I am unable to add too many columns inside a function. It's fine outside of the function.
g <- function(d,n=200){
#create n columns
for (ii in 1:n){
cname = paste0('x',ii)
d[,c(cname):= ii]
}
#remove n-5 columns
for (ii in 1:(n-5)){
cname = paste0('x',ii)
d[,c(cname):= NULL]
}
}
d = data.table(a=1:10)
g(d,1023)
print(d)
print(dim(d))
#[1] 10 6
d = data.table(a=1:10)
g(d,1025)
print(dim(d))
#[1] 10 1025
#R 4.0.2
#data.table 1.13.0
CodePudding user response:
Please take this to the data.table bug tracker. It looks like a bug related to over-allocation. The increase in truelength
needed by the second case results in a change of the memory address but that change isn't bound to the reference outside the function.
library(data.table) #version 1.14.2
g <- function(d,n=200){
#create n columns
for (ii in 1:n){
cname = paste0('x',ii)
d[,c(cname):= ii]
}
message("truelength is: ", truelength(d))

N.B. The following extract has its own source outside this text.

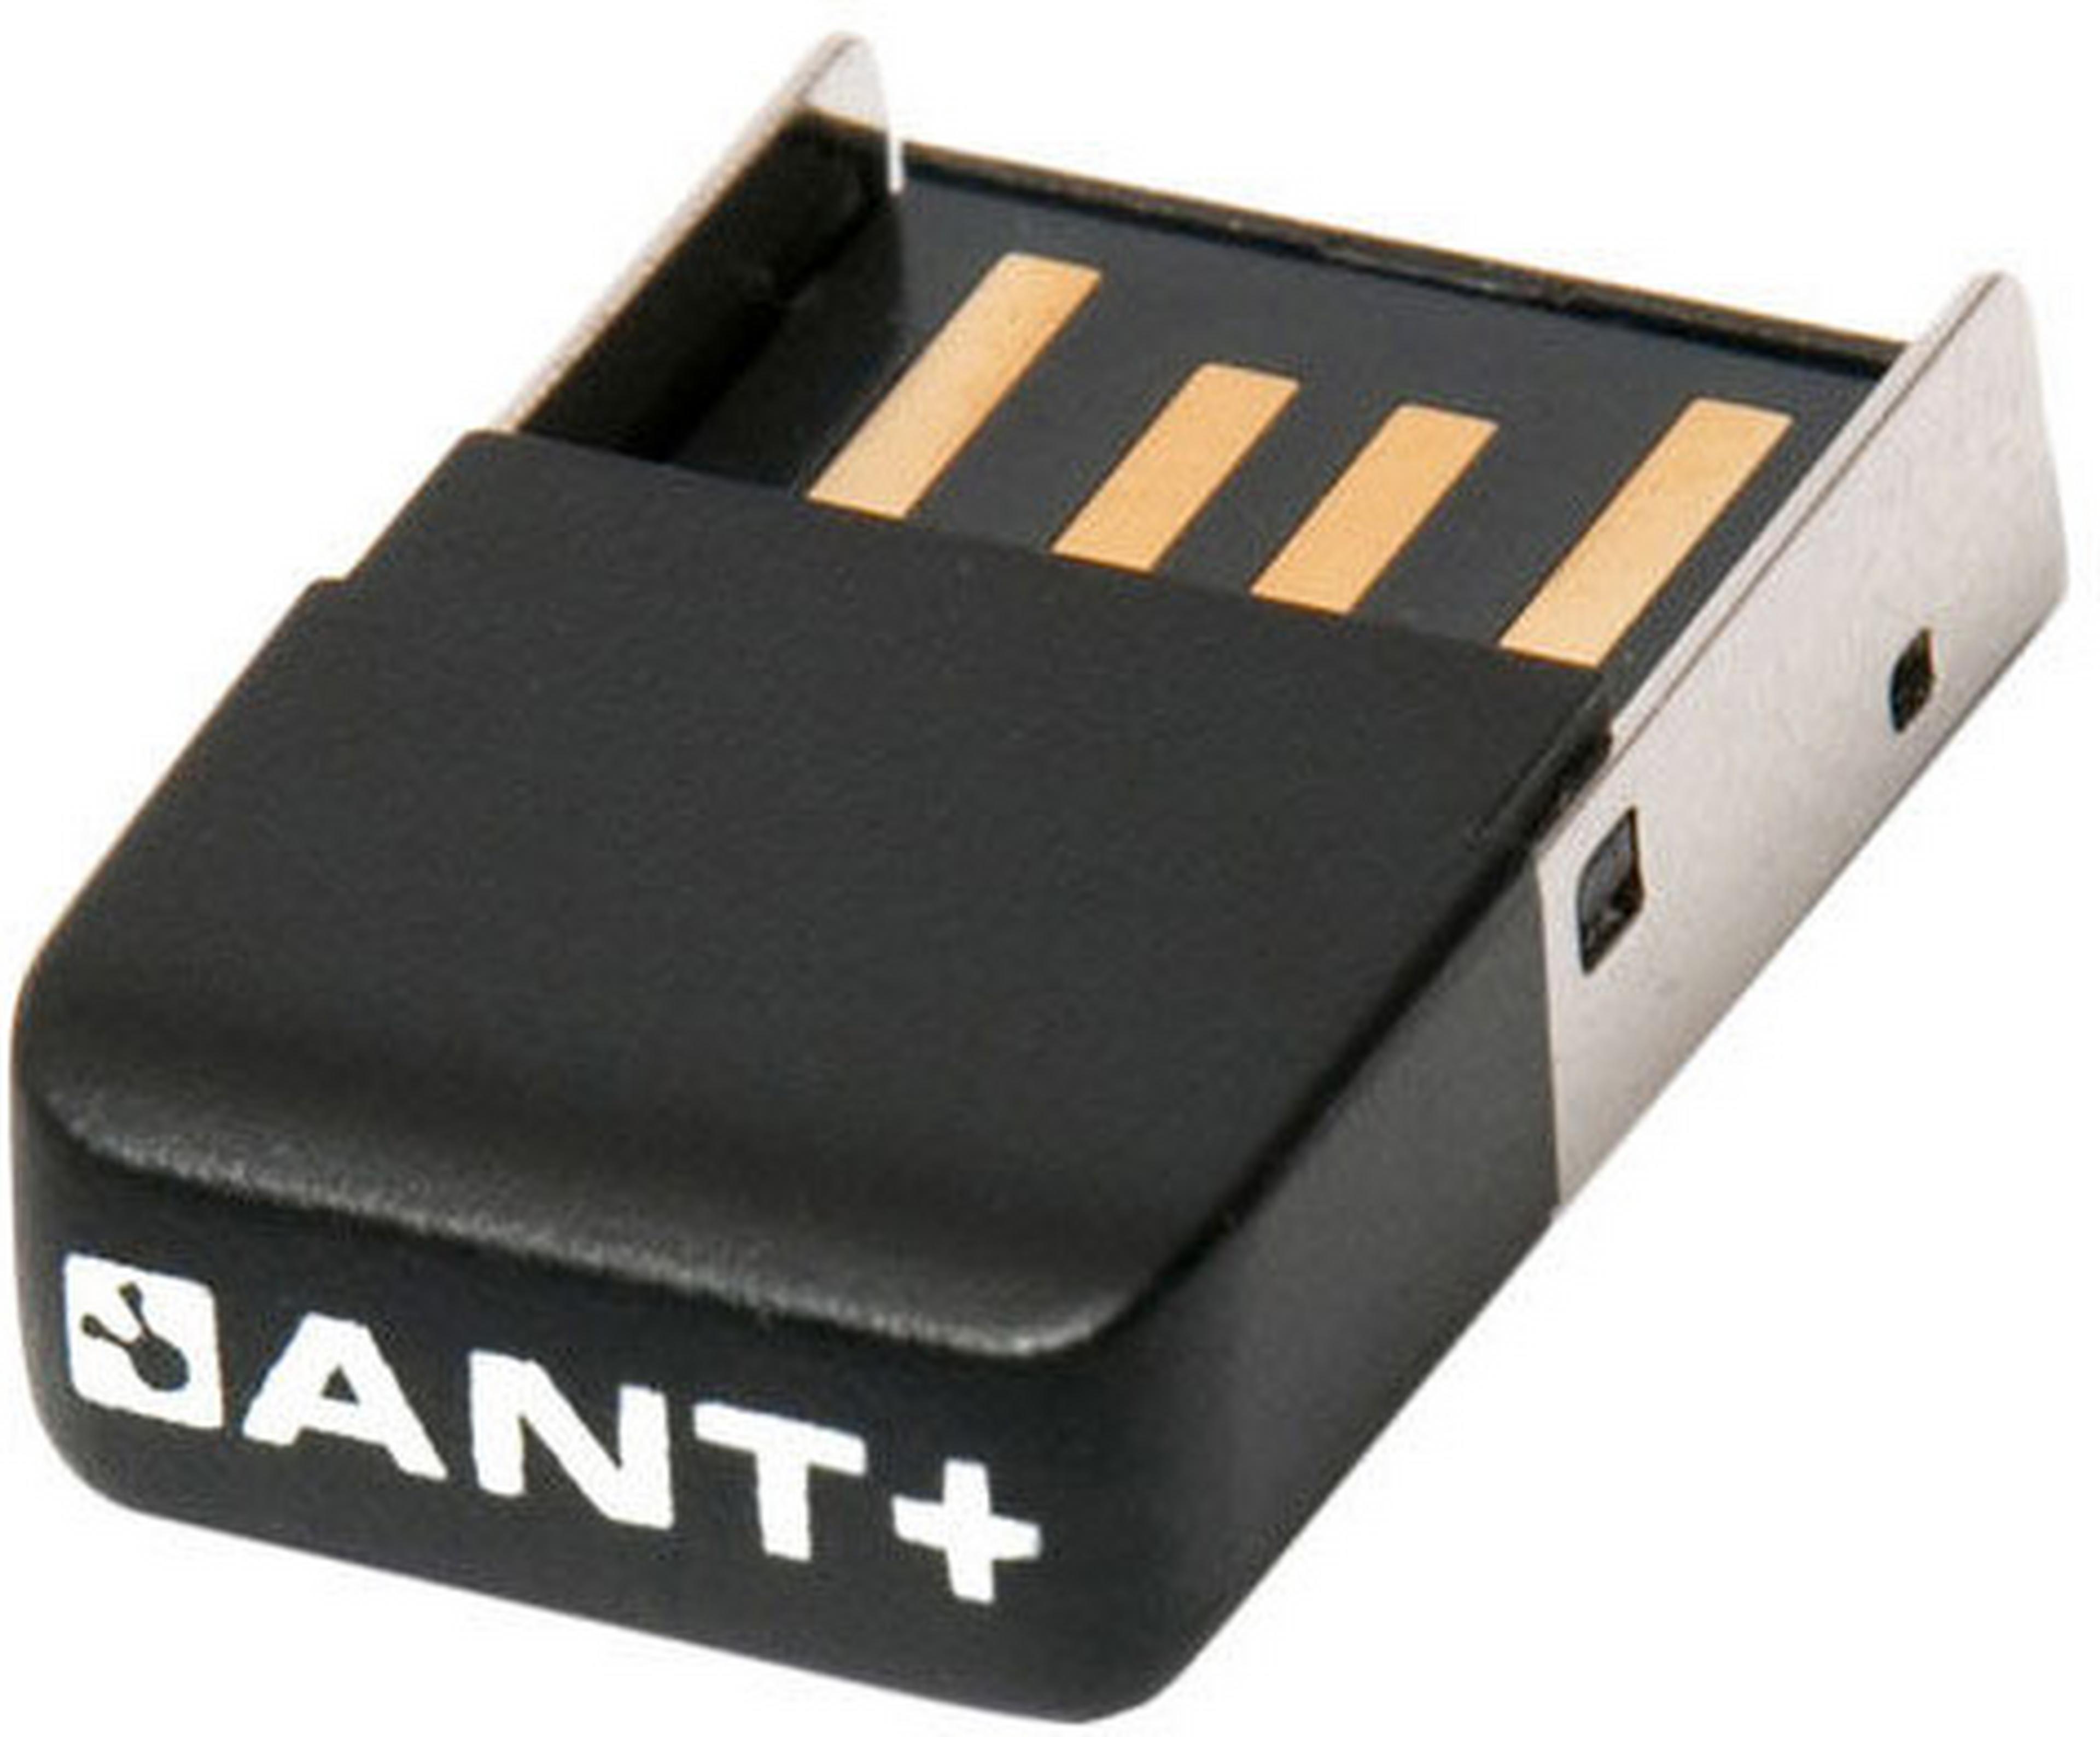 Clé USB ANT+

message("length is: ", length(d))
#remove n-5 columns
for (ii in 1:(n-5)){
cname = paste0('x',ii)
set(d, j = cname, value = NULL)
}
}
d = data.table(a=1:10)
truelength(d)
#[1] 1025
g(d,1023)
#truelength is: 1025
#length is: 1024
truelength(d)
#[1] 1025
length(d)
#[1] 6
d = data.table(a=1:10)
g(d,1025)
#truelength is: 2050
#length is: 1026
truelength(d)
#[1] 1025
length(d)
#[1] 1025
tail(names(d))
#[1] "x1019" "x1020" "x1021" "x1022" "x1023" "x1024"
#column x1025 has not been created at the original address
For now you can fix the issue by over-allocating more columns before you call g
:
d = data.table(a=1:10)
setalloccol(d, 2050)
g(d,1025)
#truelength is: 2051
#length is: 1026
print(dim(d))
#[1] 10 6
Or have the function return the data.table.